= Riboflavin carrier protein =

Riboflavin carrier proteins (RFCPs) together with human serum albumin transport flavin mononucleotide (FMN) in the blood circuit. RFCPs are important in pregnancy.

Studies from India have identified a riboflavin carrier protein (RCP) present in bird (e.g., chicken) eggs, which is considered to be specific for riboflavin, and is essential for normal embryological development. If this protein is rendered ineffective (e.g., by immuno-neutralization) by treatment of the bird with a specific antibody, then embryonic development ceases and the embryo dies. A genetic mutant lacking RCP is likewise infertile. A homologous protein, which can be rendered ineffective by the antibody to pure chicken riboflavin carrier protein, has been shown to occur in several mammalian species, including two species of monkeys, and also in humans. Very recent studies have suggested that circulating RCP levels and the immunohistochemical staining of RCP in biopsy specimens may provide new markers for breast cancer diagnosis and prognosis. Termination of pregnancy has been demonstrated by immuno-neutralization of RCP in monkeys. There remains some controversy over the roles of RCP, however, the other, less specific riboflavin binders in blood, including gamma-gobulins, also seem to play an important role. These studies have provided an intriguing example of the role of specific vitamin-transporting mechanisms, designed to ensure that the vitamin needs of the developing embryo will be efficiency met. Further evidence of the special needs of developing embryos has been provided by the demonstration that riboflavin analogs can cause teratogenic changes, even in the absence of any detectable damage to maternal tissues.

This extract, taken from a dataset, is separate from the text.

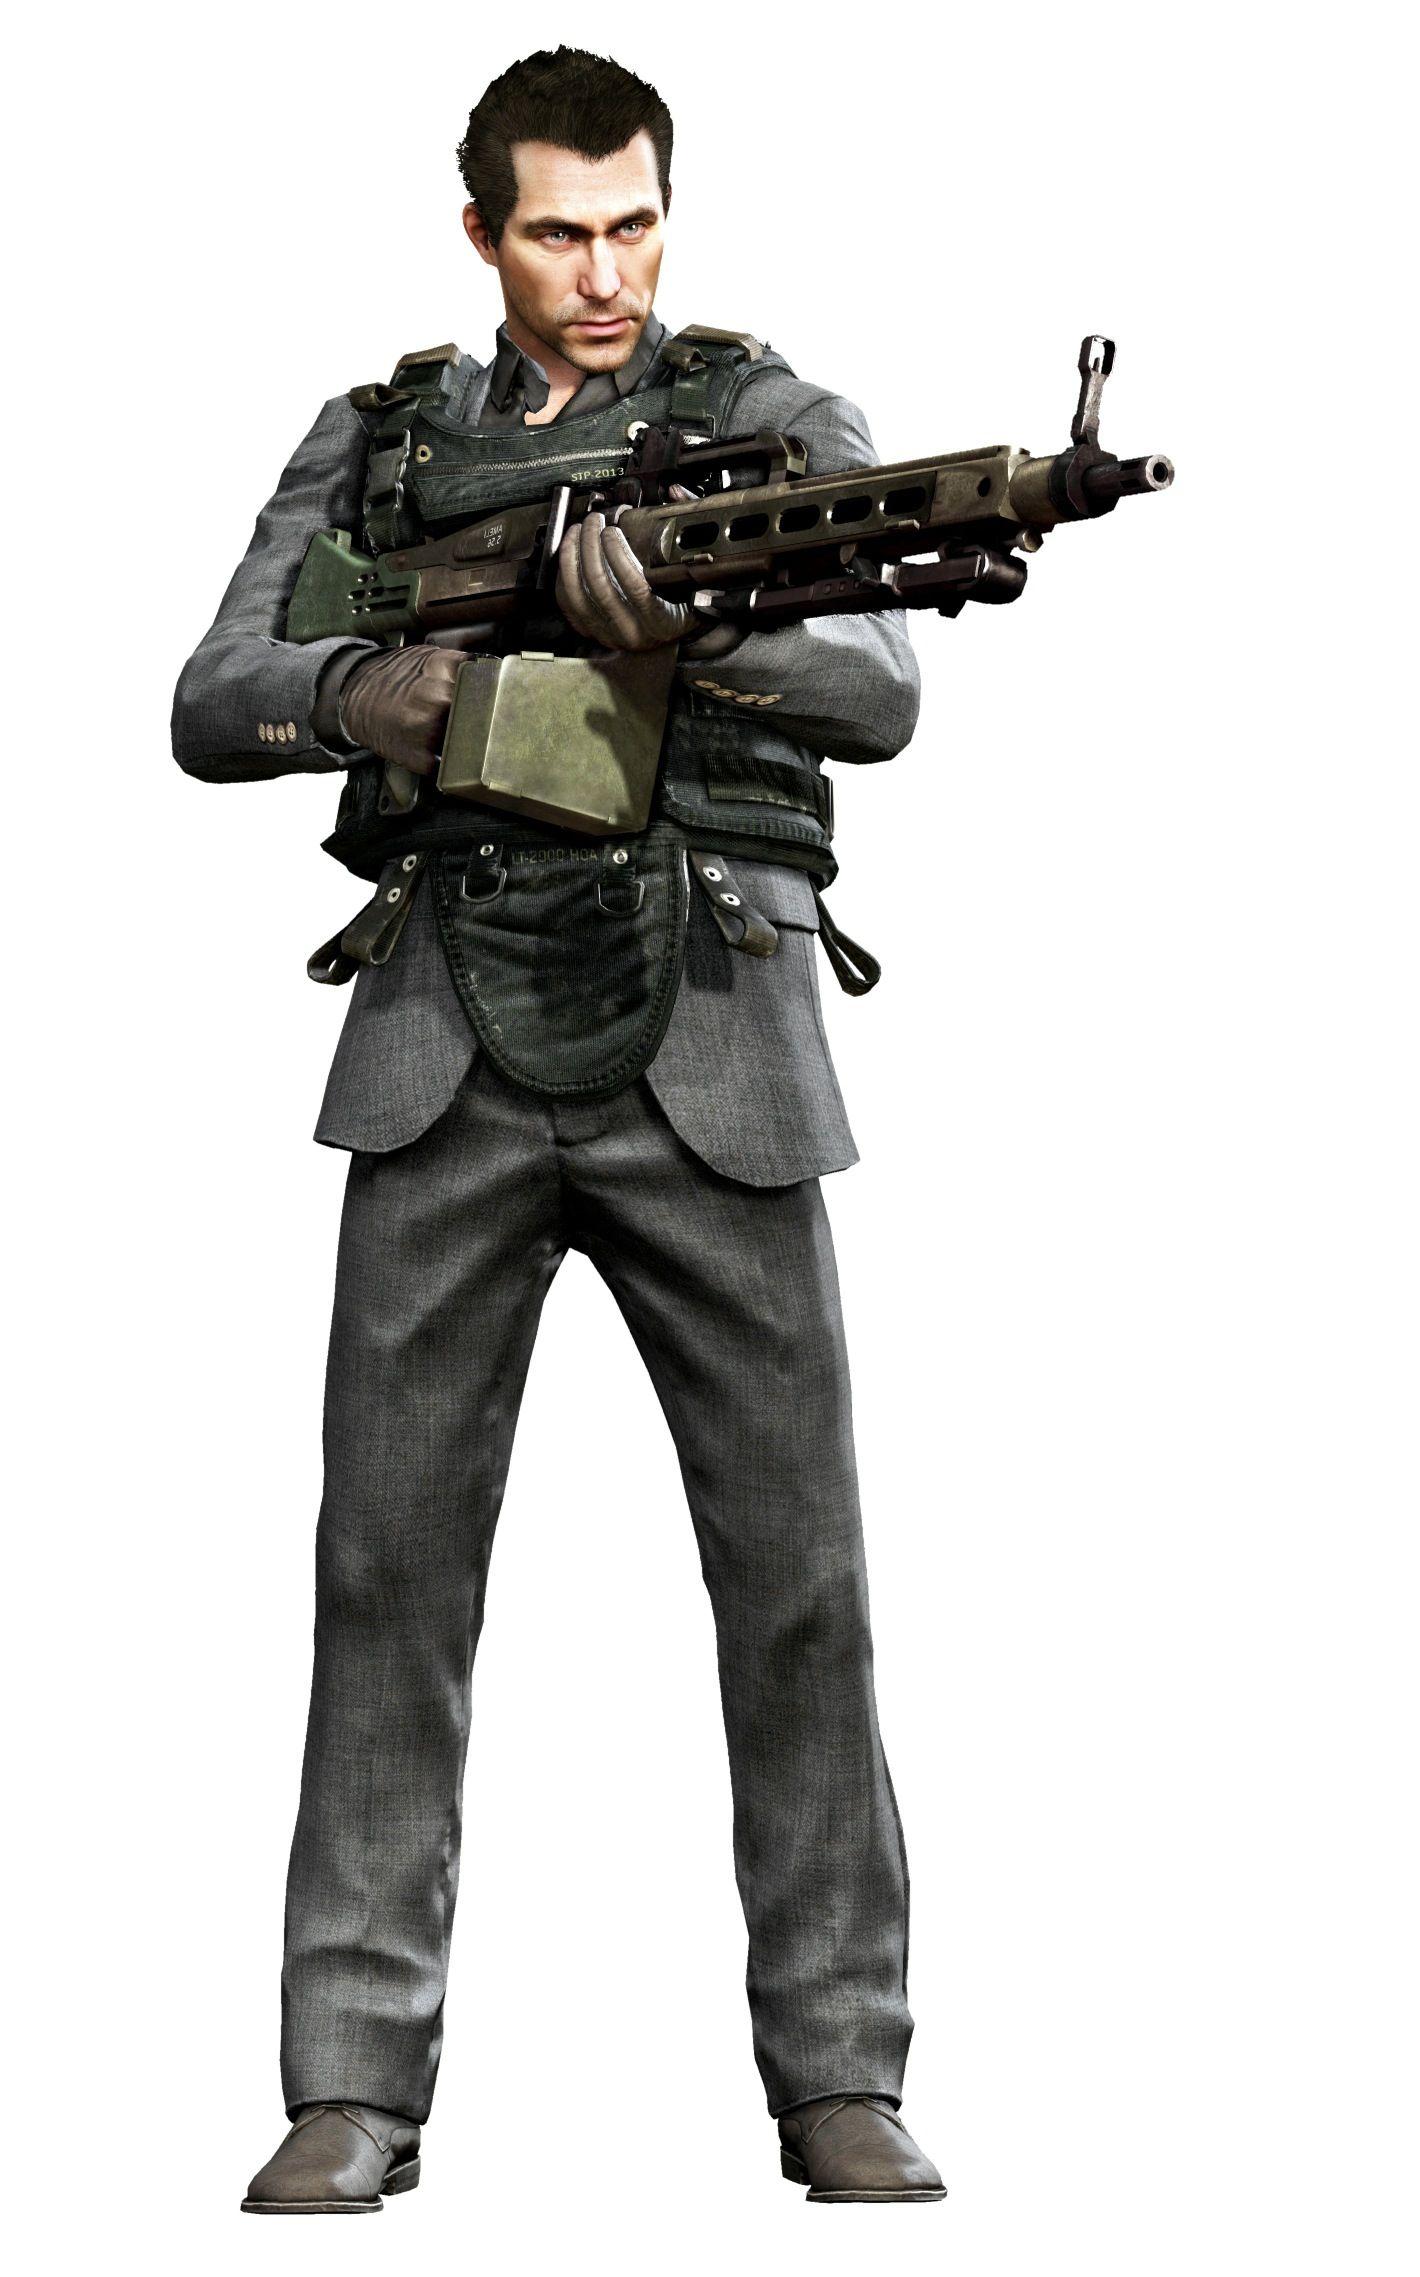 Call Of Duty Mw3 C Activision Infinity Ward Jake Rowell Marketing Image Oscar Lopez Character Call Of Duty Call Of Duty Zombies Modern Warfare
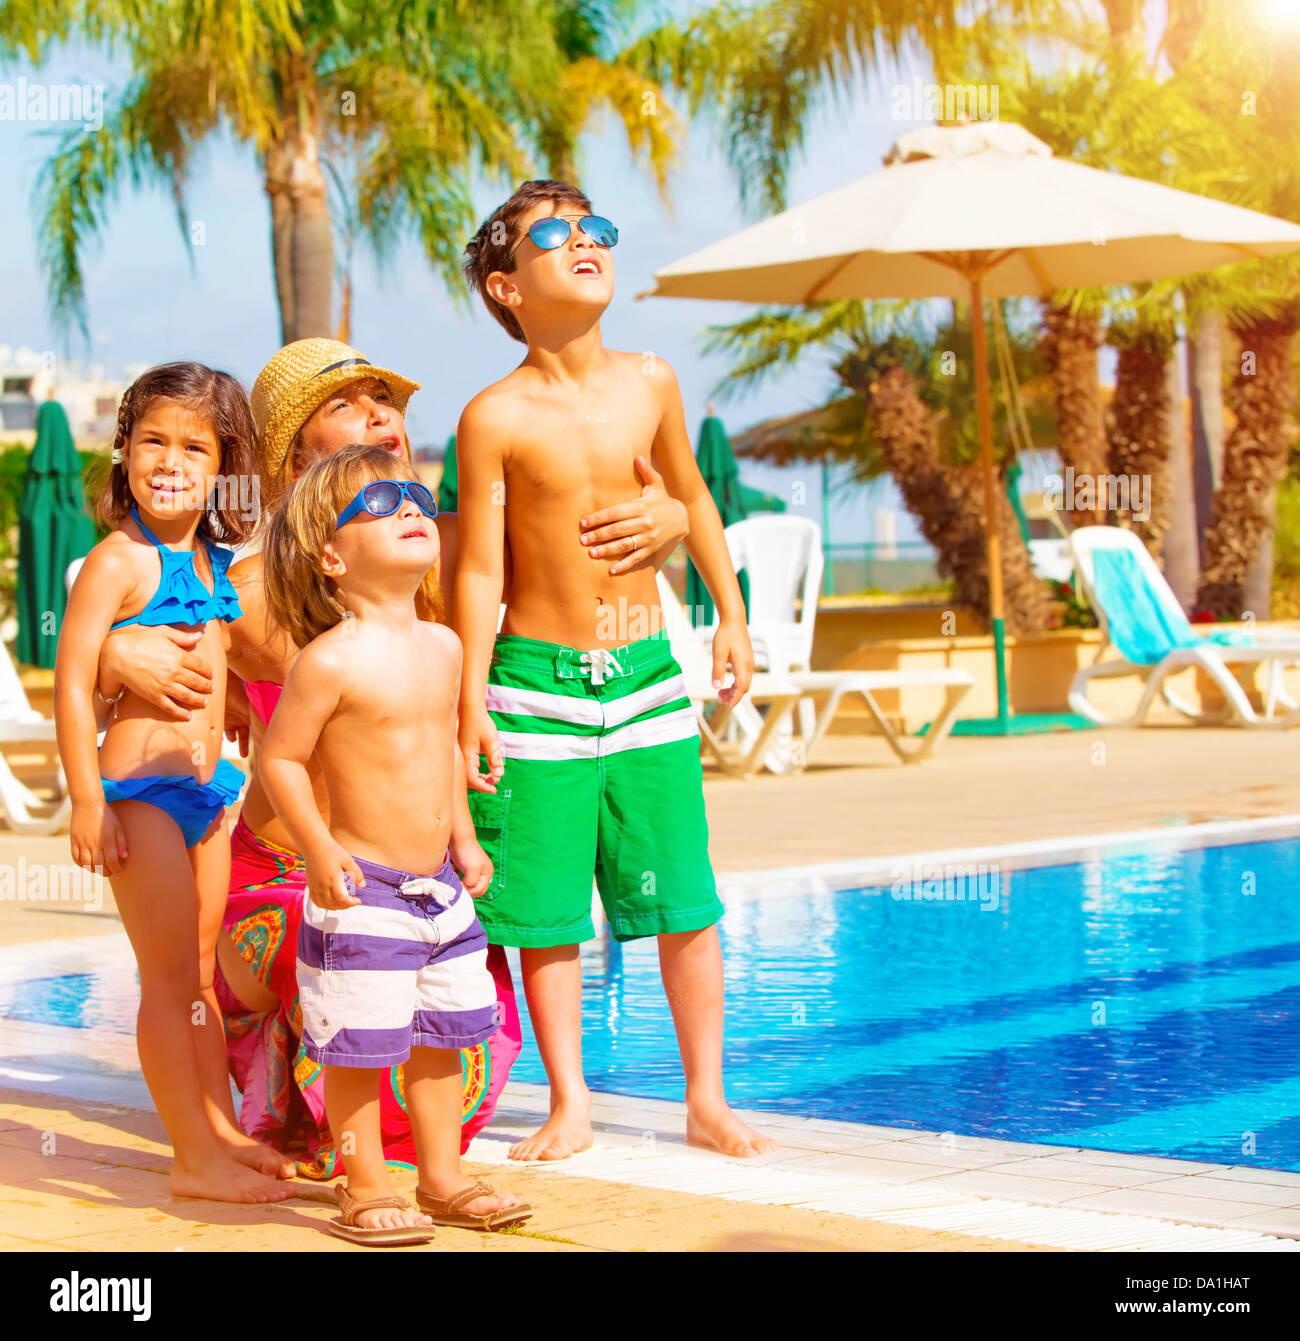 Cute happy family having fun near pool on luxury tropical resort Stock Photo Royalty Free Image

== Chicken Riboflavin carrier protein ==
RCP in chicken eggs is in both the yolk and whites. The RCP found in the yolk differs from that of the egg white. The difference in amino acid structure of RCP attributes to the cite of production and the destination of the RCP—the yolk-RCP (made in the liver) had 11-13 less amino acid compared to the whites-RCP (made in the oviducts).

The concentration of RCP in chickens depends on the concentration of estradiol injected and an increased production of RCP can be induced.

The dependence of RCP production on estrogen enables a potential role in the detection of breast cancer.